ANP quebra monopólio da Petrobras no acesso aos terminais de gás natural, mas processo segue atrasado e incompleto, dizem especialistas
Uma medida muito aguardada por diversos segmentos produtivos brasileiros foi oficializada pela Agência Nacional do Petróleo, Gás Natural e Biocombustíveis (ANP) na sexta-feira (26). A diretoria da ANP aprovou a regulamentação que trata do acesso aberto a outras empresas às infraestruturas essenciais do setor de gás natural (terminais de GNL, gasodutos de escoamento da produção e instalações de tratamento ou processamento de gás natural), que atualmente era um monopólio da Petrobras.

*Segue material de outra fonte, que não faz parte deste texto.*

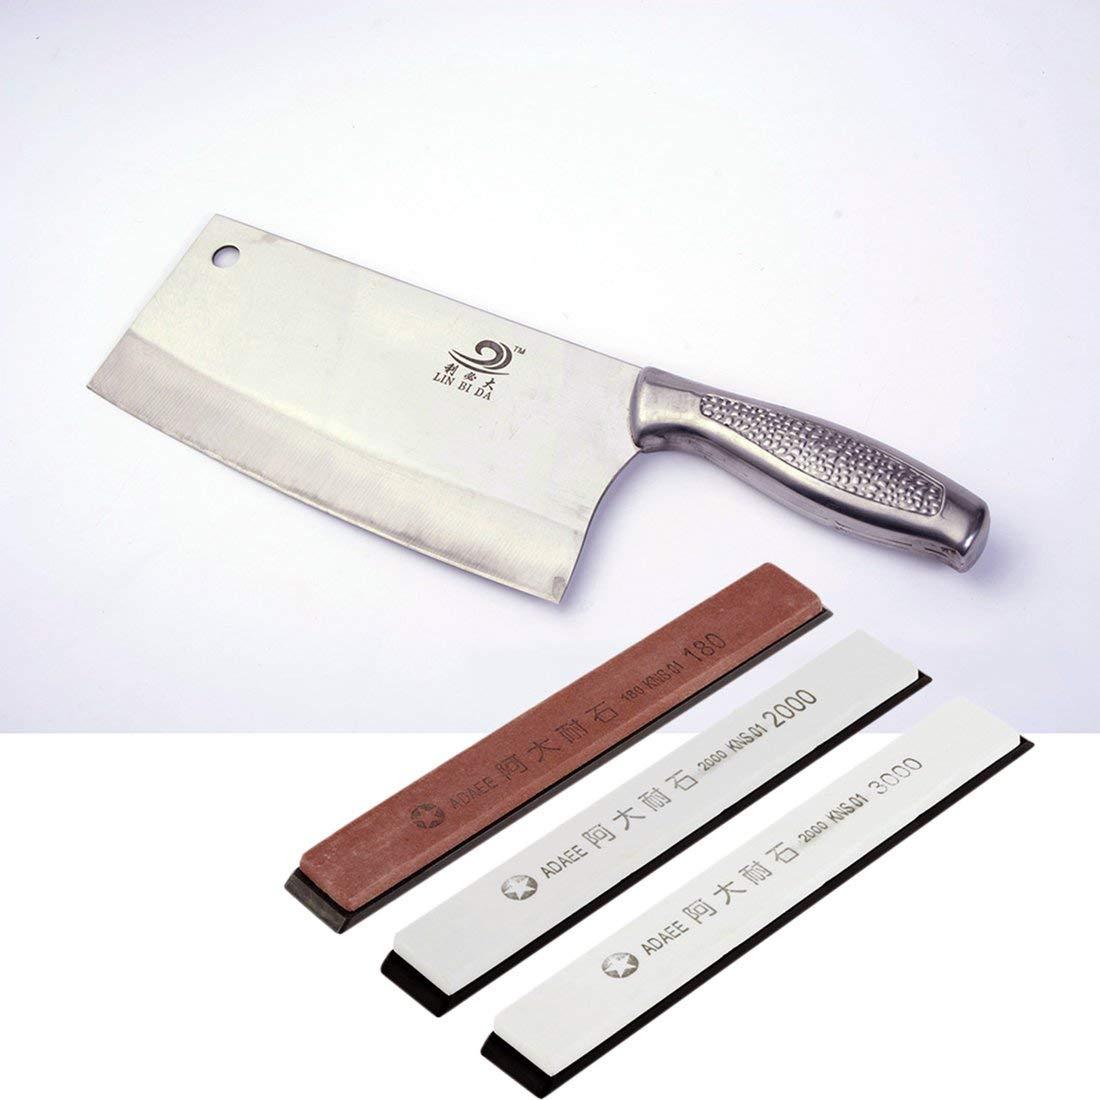 Promoci/ón Sale1pcs Piedras Afiladoras Profesionales Cocina Comedor Afilador de cuchillos Abrader Resistencia abrasiva fuerte

A medida chega com cinco anos de atraso, já que era prevista no artigo 28 da Lei nº 14.134/2021, conhecida como Nova Lei do Gás. Na prática, a Petrobras terá de ceder acesso a interessados que queiram explorar a estrutura de gás natural existente.

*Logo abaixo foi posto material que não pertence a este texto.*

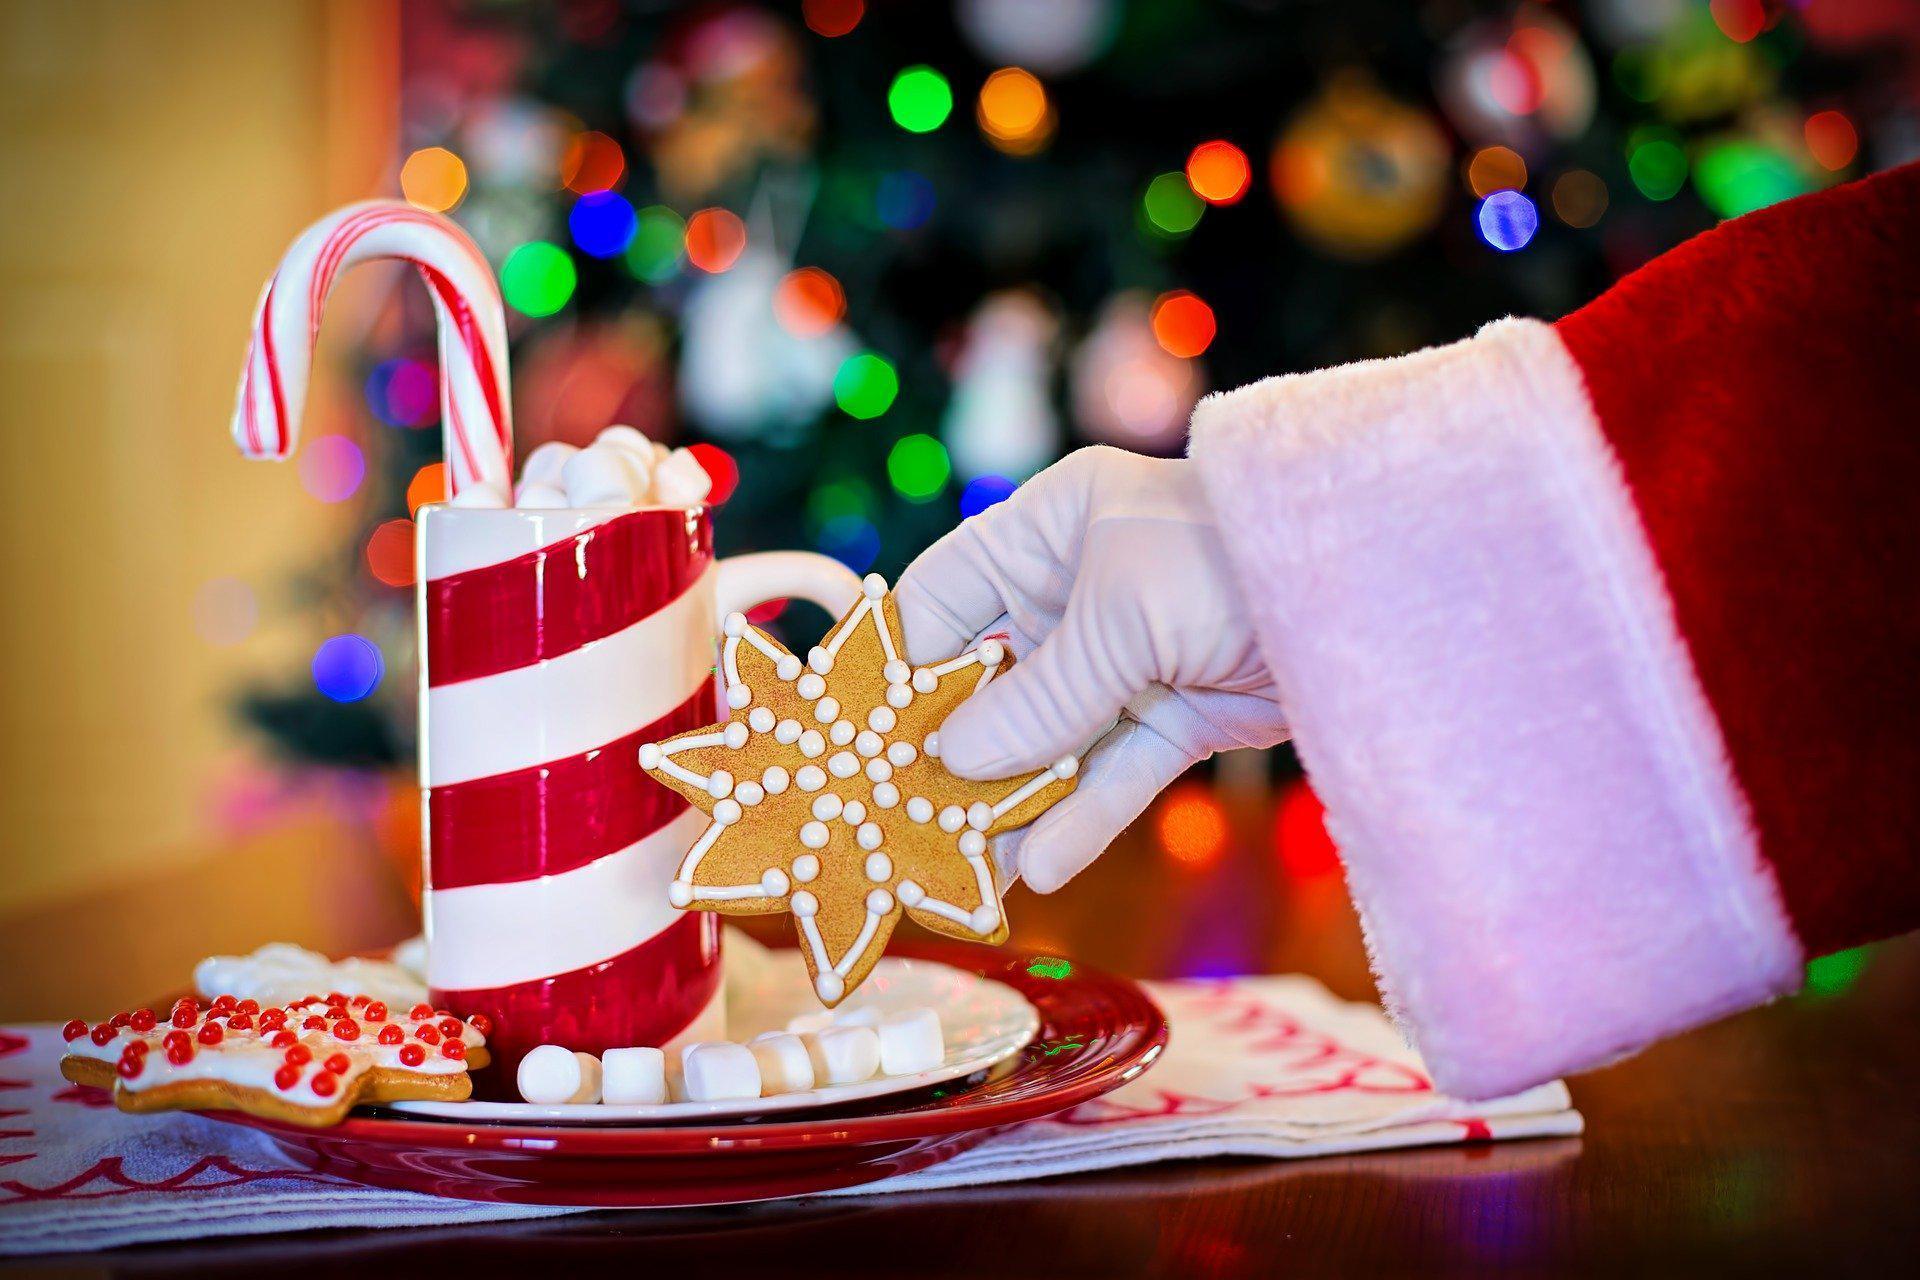 Zdrowych , spokojnych Świąt Bożego Narodzenia !!!

Assim, pelo menos é a expectativa do mercado, para que haja mais empresas atuando, gerando expansão do setor e reduzindo custos de produção, distribuição e, na ponta do processo, para o consumidor final.
Essa foi a primeira resolução da ANP sobre o tema, conforme previsto na Ação 2.4 da Agenda Regulatória da ANP para o biênio 2025-2026. Está prevista a publicação de uma segunda norma para disciplinar a solução de conflitos relativos ao acesso a infraestruturas essenciais.

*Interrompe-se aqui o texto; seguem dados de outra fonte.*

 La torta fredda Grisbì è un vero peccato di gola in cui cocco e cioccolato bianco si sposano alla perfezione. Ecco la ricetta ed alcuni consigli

Para o coordenador de Mercado de Energia da Federação das Indústrias do Estado de Minas Gerais (Fiemg) Sérgio Pataca, a medida é bem-vinda, mas não se entende a demora, já que desde 2021 existe legislação para regulamentar o acesso às estruturas que podem redefinir o mercado de gás natural no país.
“A Nova Lei do Gás é de 2021 e a gente está vendo um movimento agora, em 2025, que talvez seja um movimento até eleitoreiro, porque é uma questão de campanha também. É muito estranho para a gente uma norma de 2021 começar a ser regulamentada agora. A primeira das regulamentações, em 2026. Cinco anos para regulamentar”, questiona.
Pataca reforça que o mercado brasileiro tem muito potencial e que, com novas descobertas de bacias de petróleo, o setor pode crescer e se expandir de vez. “É um mercado pujante, não é um mercado decadente. É um mercado em crescimento; cada dia a gente descobre novos poços de petróleo. A gente está discutindo agora a extração da Bacia Amazônica. Então já vem esse contrassenso há muito tempo, os adiamentos das regulamentações, muito em parte por causa do monopólio da Petrobras”, comentou Pataca.
O mercado de gás, historicamente, é concentrado principalmente na Petrobras, que hoje controla o transporte e a produção de todo o sistema de gás natural do Brasil. A Nova Lei do Gás veio com o objetivo de desverticalizar esse mercado e abrir a concorrência, pois não há lógica no modelo atual.
Tendência mundial
A quebra do monopólio da Petrobras pode gerar a entrada de novos players no mercado, abrindo a concorrência. Isso pode ter um efeito cascata positivo, com o gás sendo melhor distribuído e o preço melhorando para o consumidor comercial, industrial e doméstico.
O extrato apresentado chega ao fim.